══ Available records
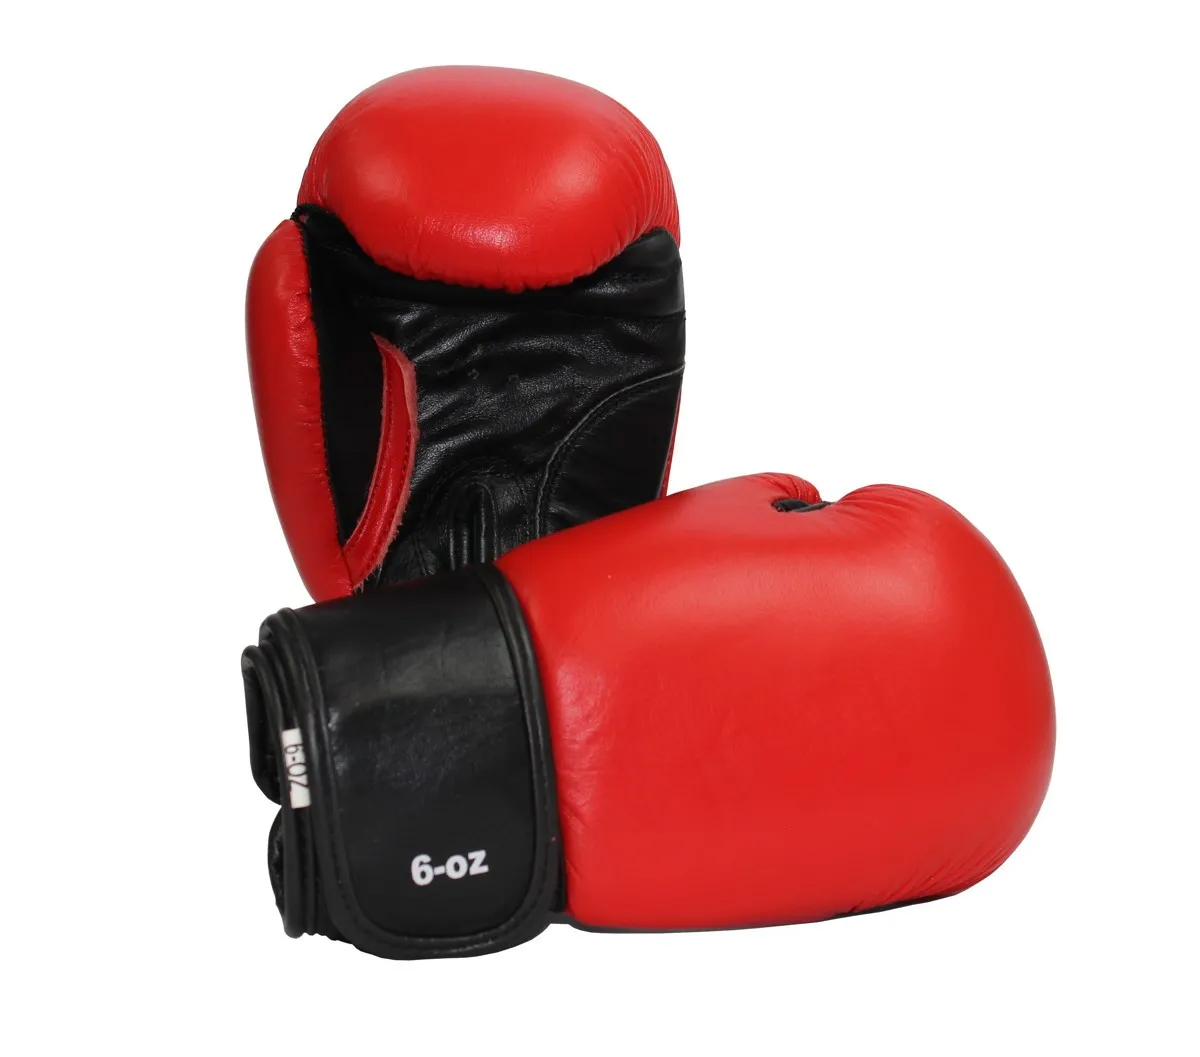 Boxing gloves for children 6 OZ
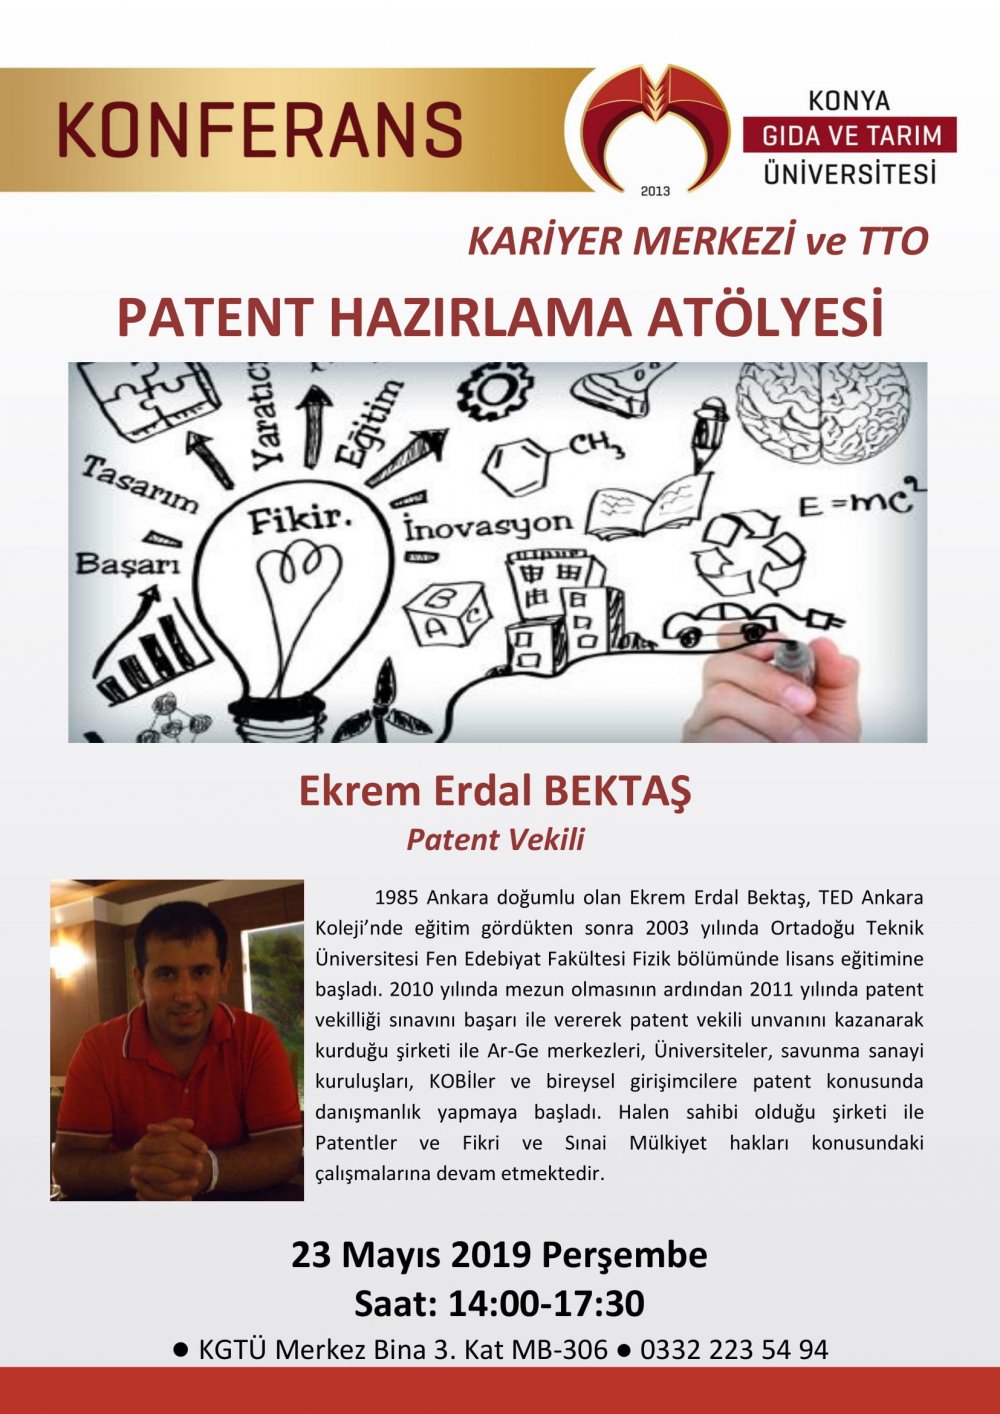 Patent Hazırlama Atölyesi / 23 Mayıs 2019 Perşembe 14:00-17:00
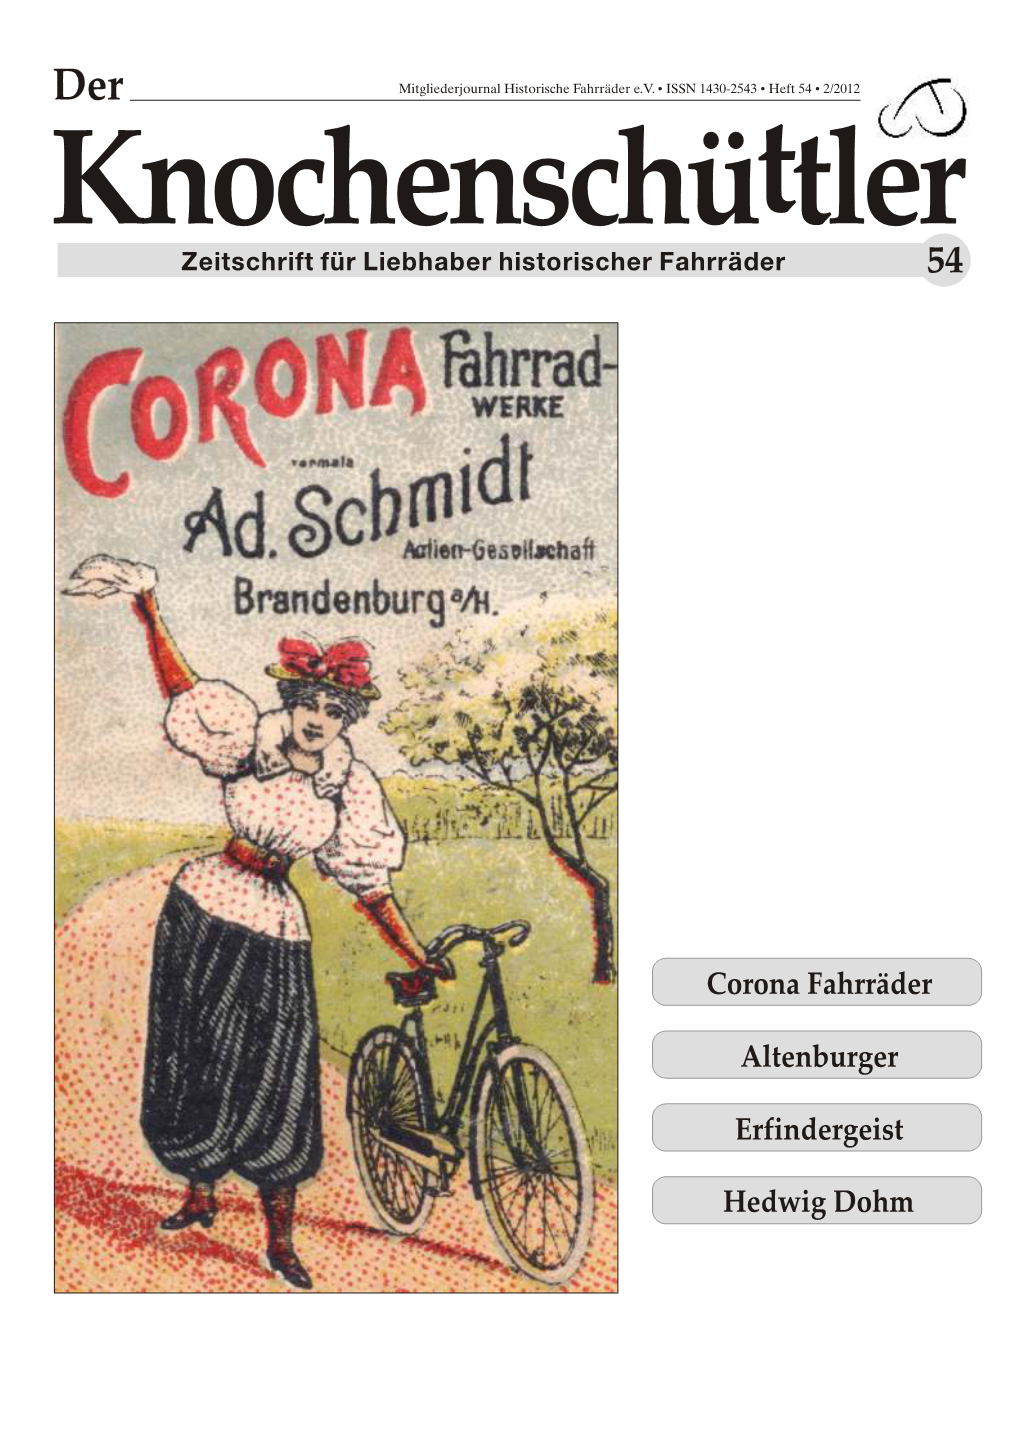 Hedwig Dohm Erfindergeist Altenburger Corona Fahrräder
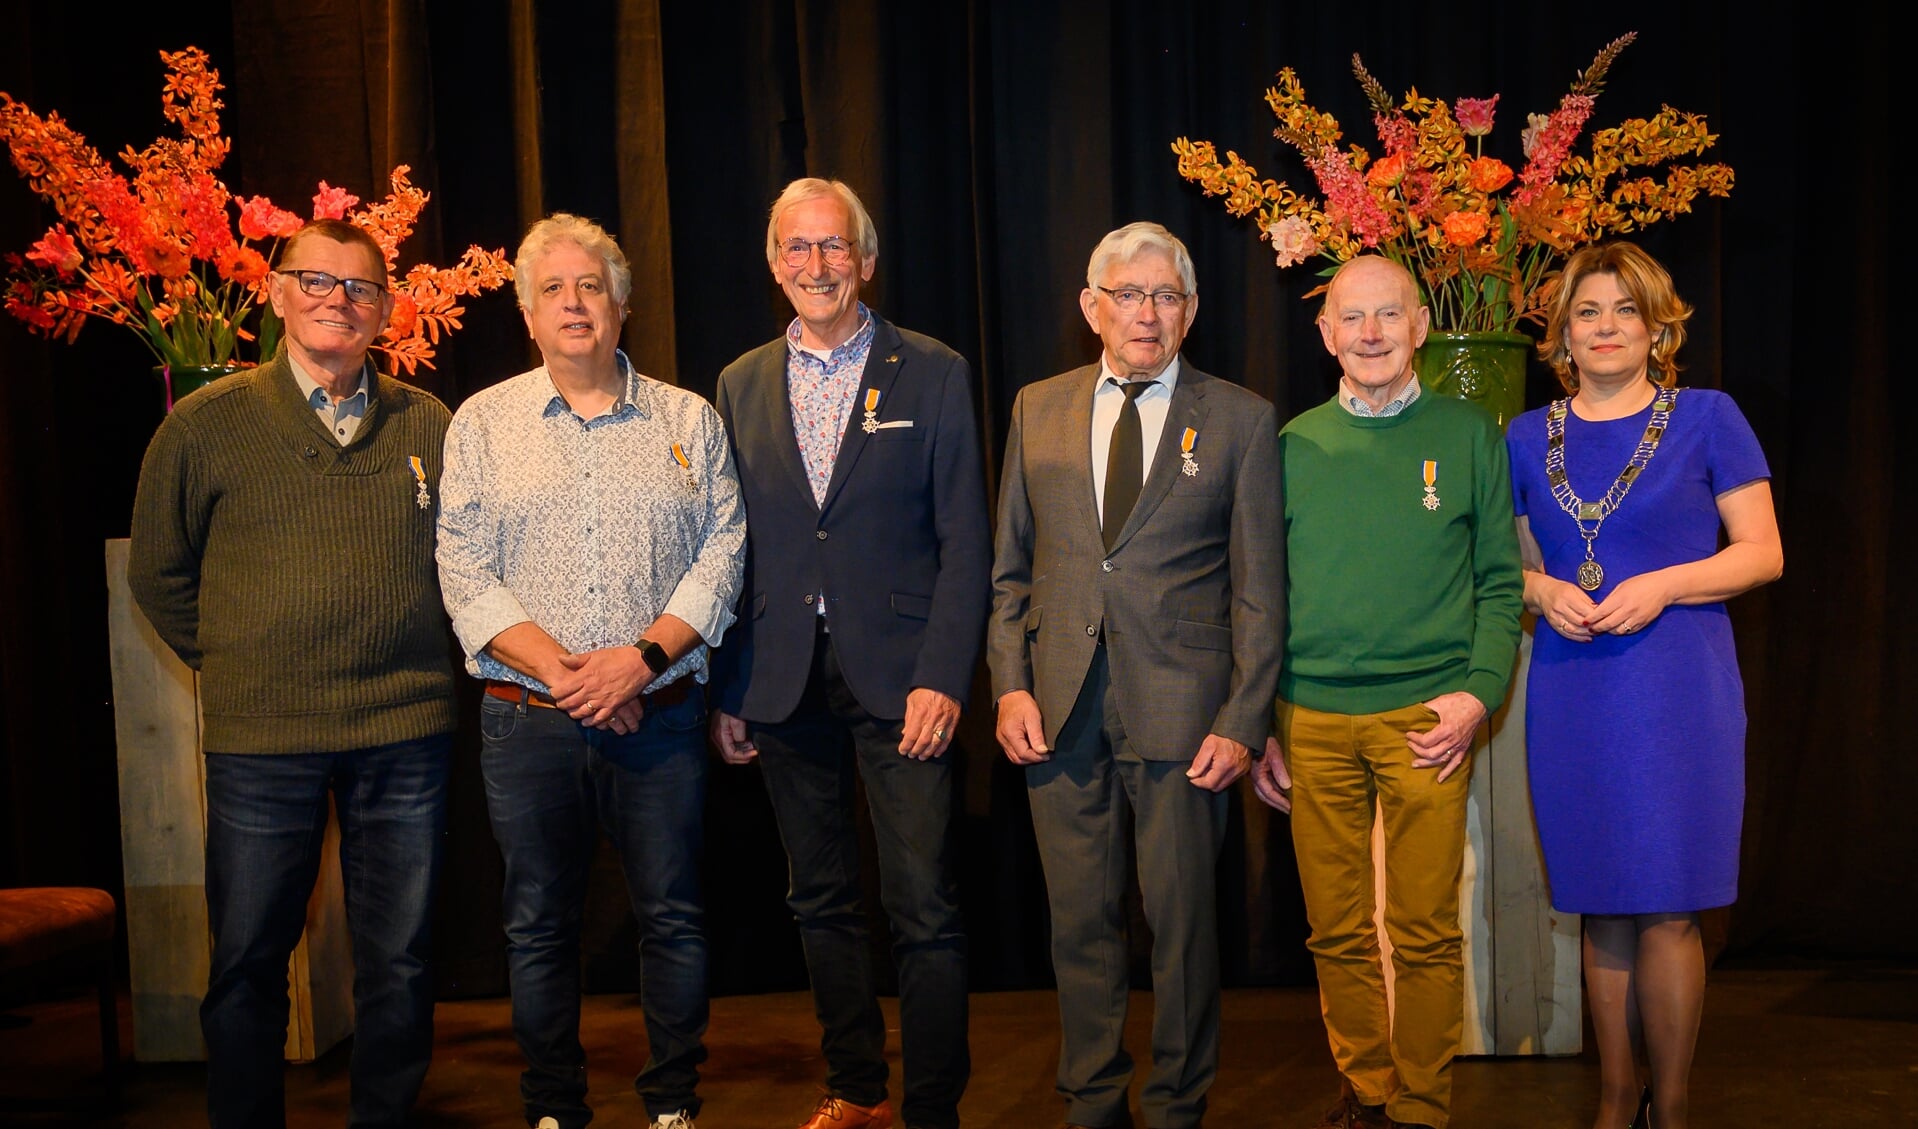 van links naar rechts: de heer L.R.E. Stam, de heer G.J.M. van der Sluijs, de heer G.J.M. Strikker, de heer J.A.M. Nijenhuis, de heer J.J.G. Henricks, burgemeester Sigrid Sengers
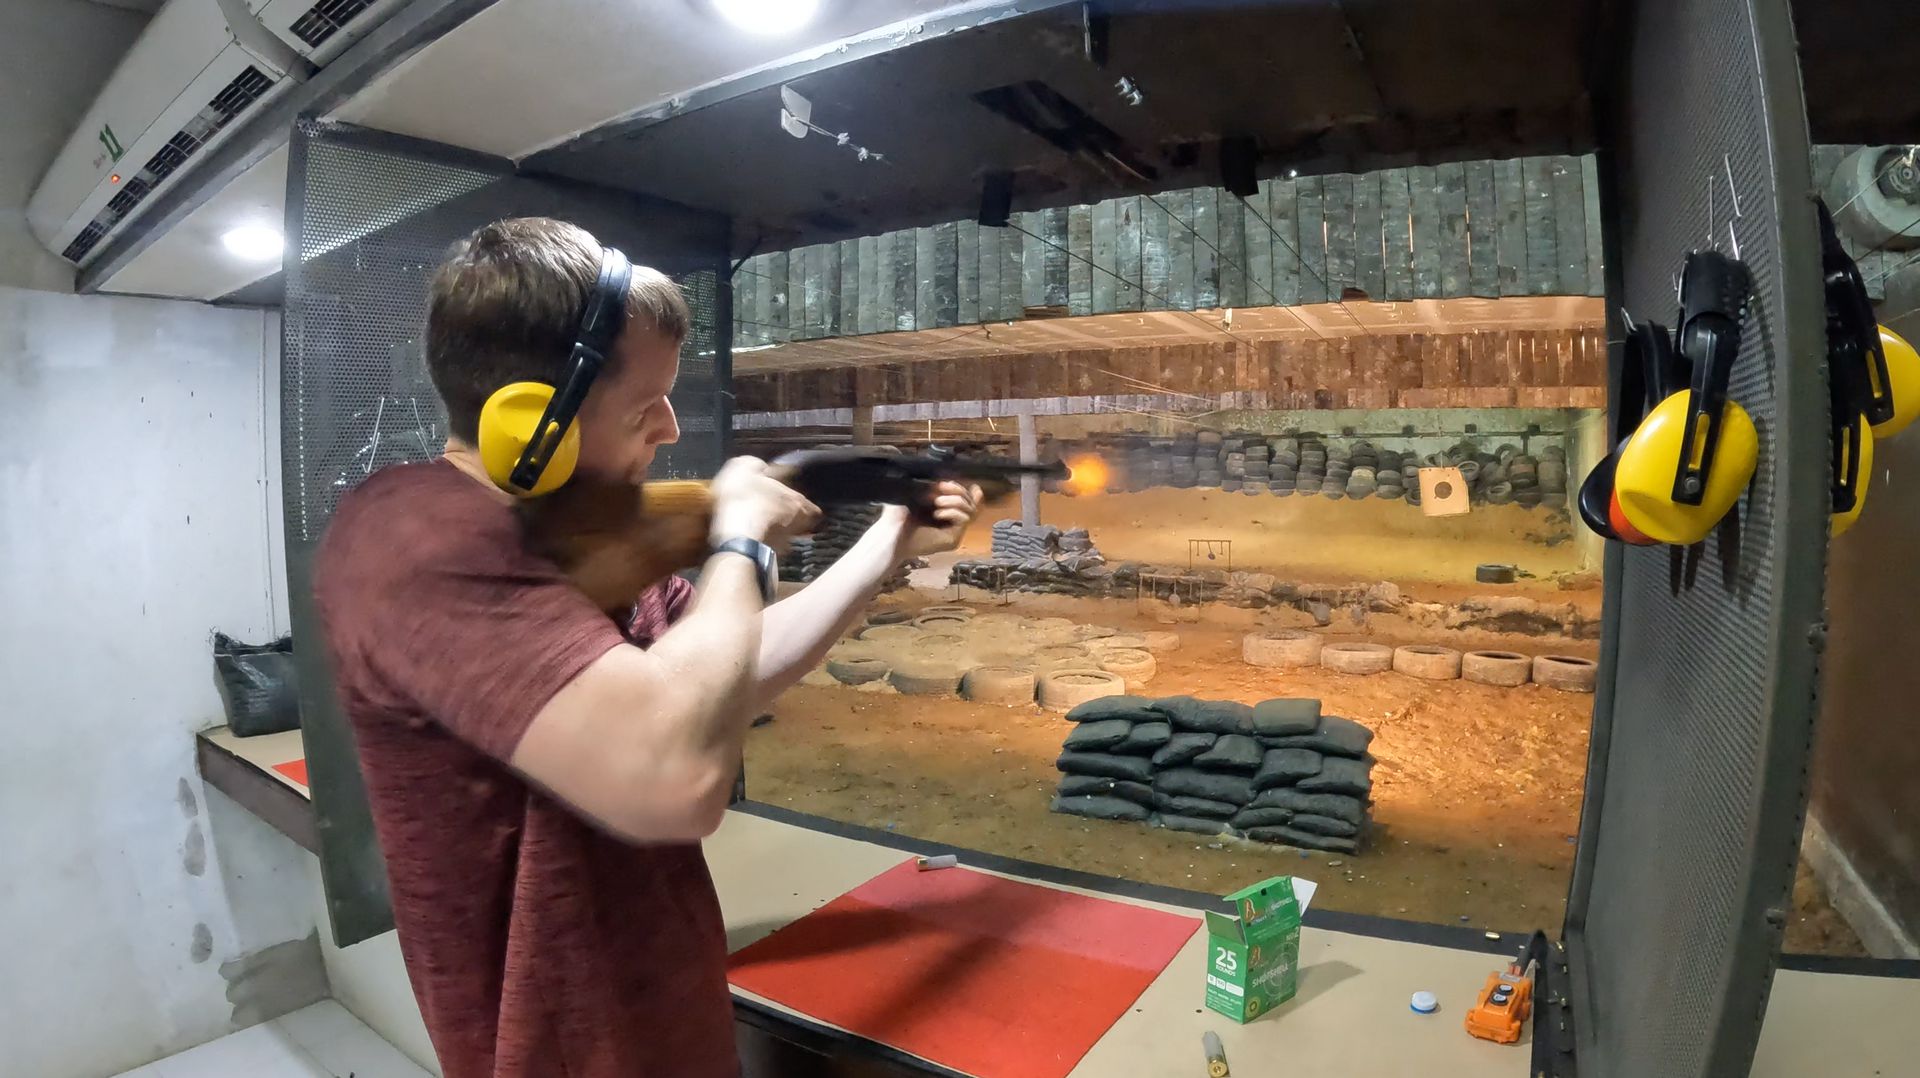 David Simpson shooting a target at shooting range in Thailand. Shotguns, markets and temples in Bangkok
════
## Task brief:
Copy exactly what appears from the line holding "van links naar" to the end of the material, keeping both end lines. Pictures are not part of the copy.

## Task answer:
 van links naar rechts: de heer L.R.E. Stam, de heer G.J.M. van der Sluijs, de heer G.J.M. Strikker, de heer J.A.M. Nijenhuis, de heer J.J.G. Henricks, burgemeester Sigrid Sengers
 David Simpson shooting a target at shooting range in Thailand. Shotguns, markets and temples in Bangkok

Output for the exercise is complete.